AI and automation are unlikely to remove every single job, but they can dramatically reduce the need for human labor across many sectors. Routine, repetitive, and predictable tasks—both physical and cognitive—are especially vulnerable. The key question is not whether some jobs will remain (they will), but whether there will be enough traditional employment to support everyone who needs income. Many experts, including the physicist, argue that we should plan for a world where the answer may be no.

How will people get money if they don’t have jobs?

Several models are being discussed: universal basic income, negative income taxes, dividend systems tied to automated production, and expanded public services that reduce the need for cash (such as free healthcare, transport, or housing). Gates has suggested taxing robots or automated systems to fund social programs, while others propose shared ownership of AI and infrastructure so that citizens receive regular payouts.
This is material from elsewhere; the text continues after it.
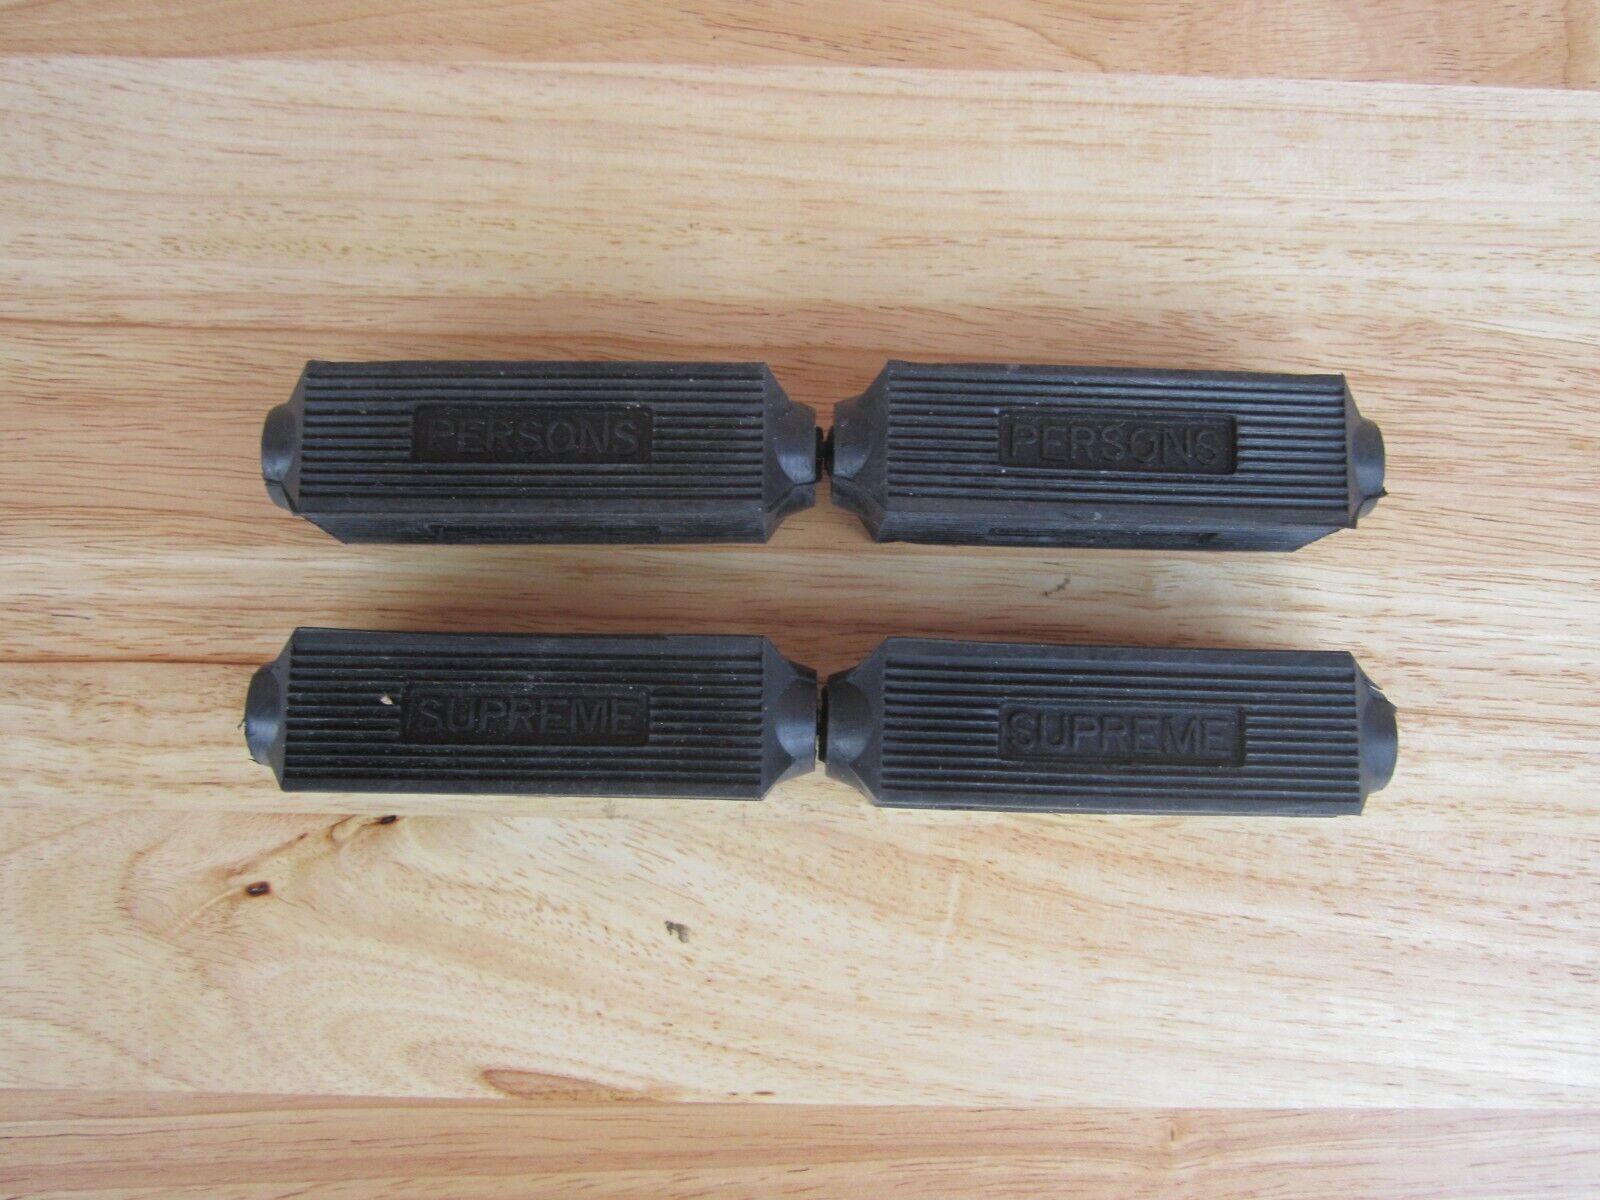 Brand new set of 4 Persons Supreme pedal blocks for roadmaster bikes for sale

Won’t people just become lazy if they don’t have to work?

Research on basic income experiments and historical examples suggests otherwise. When people’s basic needs are met, many continue to pursue activities they find meaningful—studying, creating art, caring for family, starting small projects, volunteering. Humans tend to seek purpose, connection, and challenge. The main shift is that their efforts are guided more by intrinsic motivation than by financial necessity.

What kinds of work will still need humans?

Roles that involve deep human connection, complex physical presence, and open-ended creativity are hardest to automate fully. Think caregiving, mentoring, therapy, community organizing, certain crafts, high-level scientific inquiry, and art. Even where AI assists, humans are likely to play central roles in setting goals, making value judgments, and providing emotional resonance.

How can I personally prepare for a future with fewer traditional jobs?

You can start by building skills that travel well across contexts: learning how to learn, collaborating with both people and AI tools, communicating clearly, and managing your own time and motivation. Experiment with unscheduled time and explore activities that feel meaningful even without pay. Strengthen your connections with community and practice seeing yourself as more than your job title. These habits can make the transition less disorienting and help you thrive in a world where time is increasingly your own.